Body of a business report
The function of such a conclusion is to bring the discussion or description to a close. Instead, use the conclusion to explain the most significant findings you made in relation to your report topic. All pages in the report within but excluding the front and back covers are numbered; but on some pages, the numbers are not displayed.
You can also give your name and the date of the report.
Section of report
Conclusions For most reports, you will need to include a final section. All conclusions must be supported by what has gone before and nothing new should be included at this stage. Although some reports benefit from this brief synopsis , it is not always obligatory to include. Keep at least two lines of body text with the heading, or force it to start the new page. The title of the report should be introduced as a subject line. Information sources Documenting your information sources is all about establishing, maintaining, and protecting your credibility in the profession. Conclusions: After discussion on the findings the writer of the report draws conclusions. The introduction of a market report includes the name of the market, address and place of the market, name of the products on which the report is prepared and the time and date of the business covered in the report. Make sure that each item in the list reads grammatically with the lead-in. Engineers use the IEEE system, examples of which are shown throughout this chapter. Bulleted and numbered lists In the body of a report, also use bulleted, numbered, and two-column lists where appropriate. Headings In all but the shortest reports two pages or less , use headings to mark off the different topics and subtopics covered. Bibliography The bibliography lists, in alphabetical order, all published resources used in the compilation of your report.
Headings are an important feature of professional technical writing: they alert readers to upcoming topics and subtopics, help readers find their way around in long reports and skip what they are not interested in, and break up long stretches of straight text. It contains the summary of the report and the recommendations made by the reporter.
The title of the report should be introduced as a subject line. Keep in mind who will be receiving your report and use vocabulary and tone appropriate for your audience.
Figure 1 summarizes uses and audience benefits for the most frequently employed types of graphics. Conclusions: After discussion on the findings the writer of the report draws conclusions.
Body of a business report
Keep at least two lines of body text with the heading, or force it to start the new page. It normally fills most of the report and contains almost all the illustrations. The types of graphics are presented alphabetically to make them easier to remember. Avoid using headings as lead-ins for lists. Integrating Graphics Formal report authors use graphics to present data in different forms. Keeping the audience in mind is also critical. The recommendations must be made on the basis of the findings and they must be arranged in the descending order of their importance. Headings are like the parts of an outline that have been pasted into the actual pages of the document. It may include charts, graphs, statistical tables and even excerpts from other published reports. See the chapter on visuals for more help with the principles for creating visuals. The function of such a conclusion is to bring the discussion or description to a close.
Anything that does not comfortably fit in the main part of the report but cannot be left out of the report altogether.
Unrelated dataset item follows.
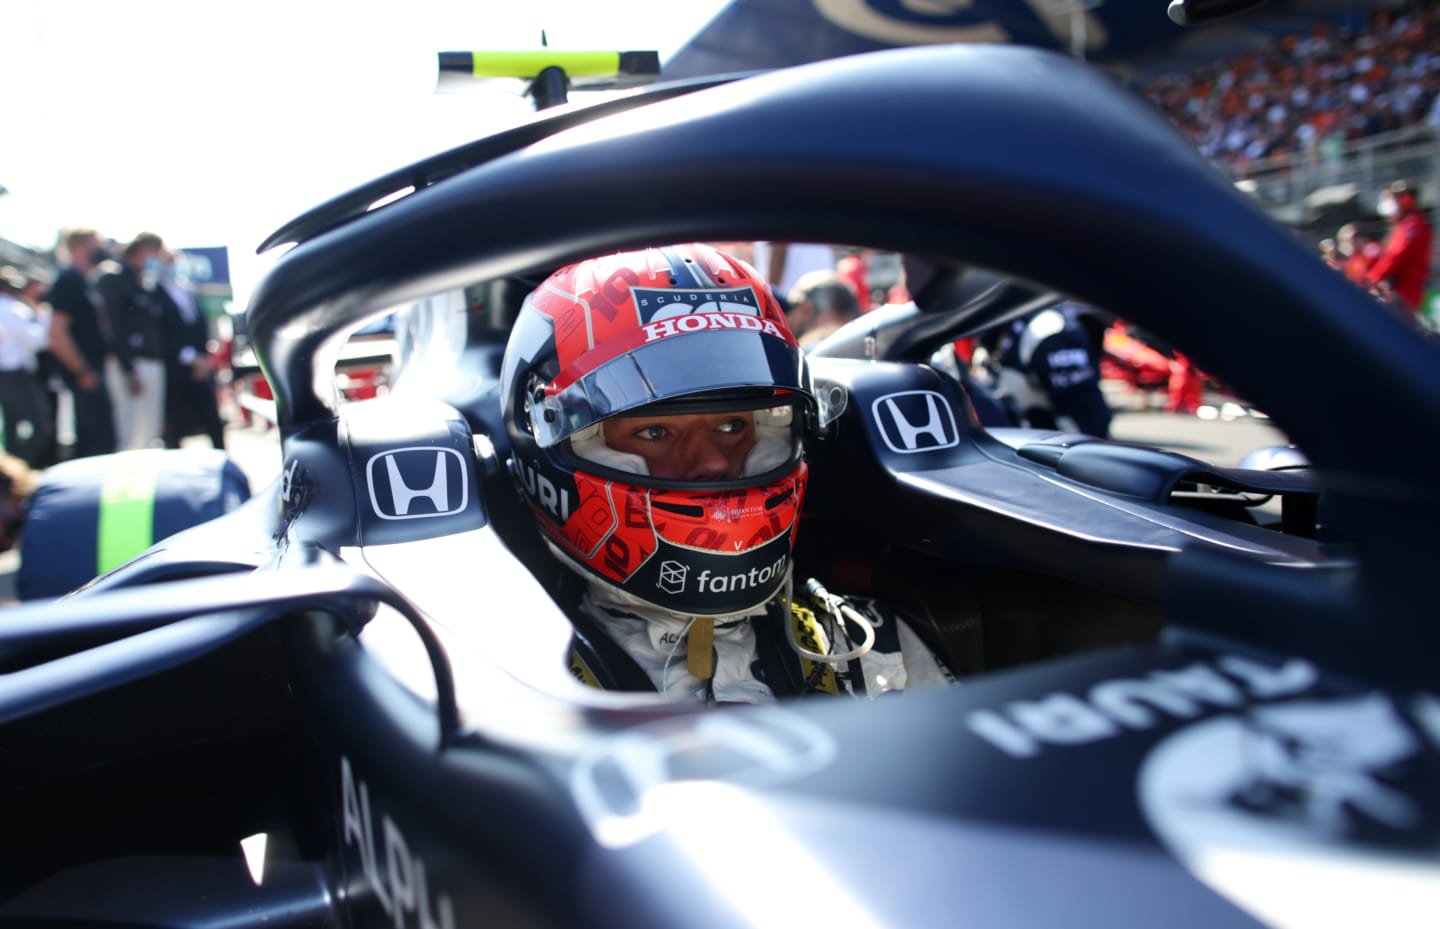 ZANDVOORT, NETHERLANDS - SEPTEMBER 05: Pierre Gasly of France and Scuderia AlphaTauri prepares to drive on the grid ahead of the F1 Grand Prix of The Netherlands at Circuit Zandvoort on September 05, 2021 in Zandvoort, Netherlands. (Photo by Peter Fox/Getty Images)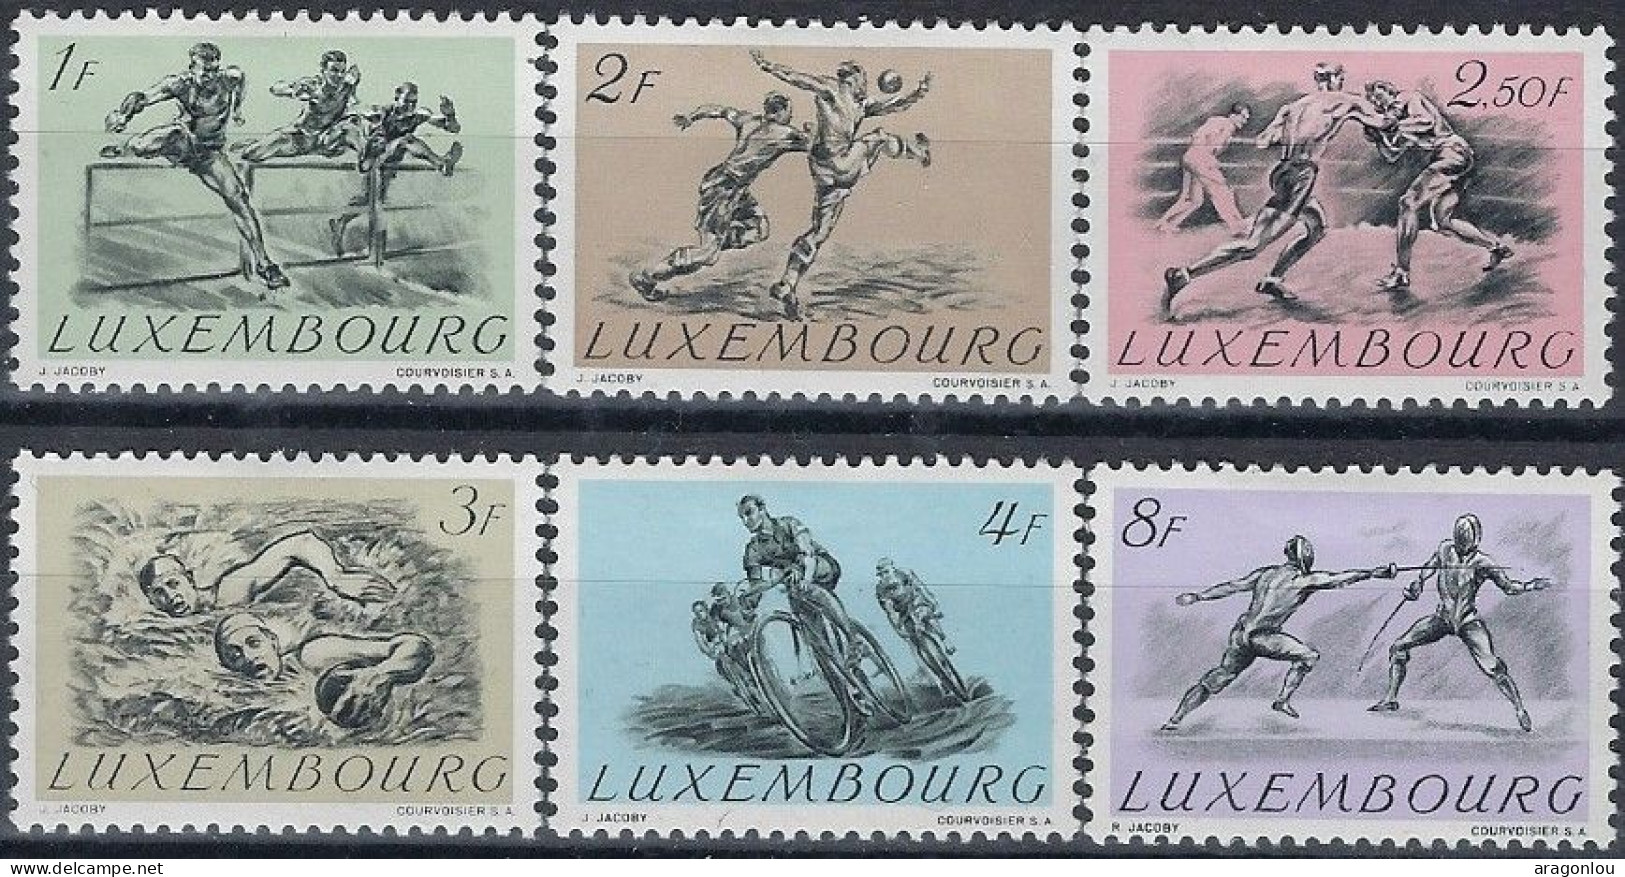 Luxembourg - Luxemburg -  Timbre   Série  Olympique   1952   VC. 50,-   * - Gebraucht

If you place page numbers at the top of the page, you must hide them on chapter or section openers where a heading or title is at the top of the page.
Report body structure
Excerpt from the body of a technical report. Simplicity and accuracy , however, remain key factors. Although some reports benefit from this brief synopsis , it is not always obligatory to include. Anything that you feel is too large for the main part of the report or that you think would be distracting and interrupt the flow of the report is a good candidate for an appendix. Business Communication Conclusion: This is the last part of a market report. Use consistent spacing, indentation, punctuation, and caps style for all lists in a document. Opening Speech: This part contains the comment of the reporter made on the overall market of the product.
See the chapter on visuals for more help with the principles for creating visuals. These not only convey certain kinds of information more efficiently but also give your report an added look of professionalism and authority.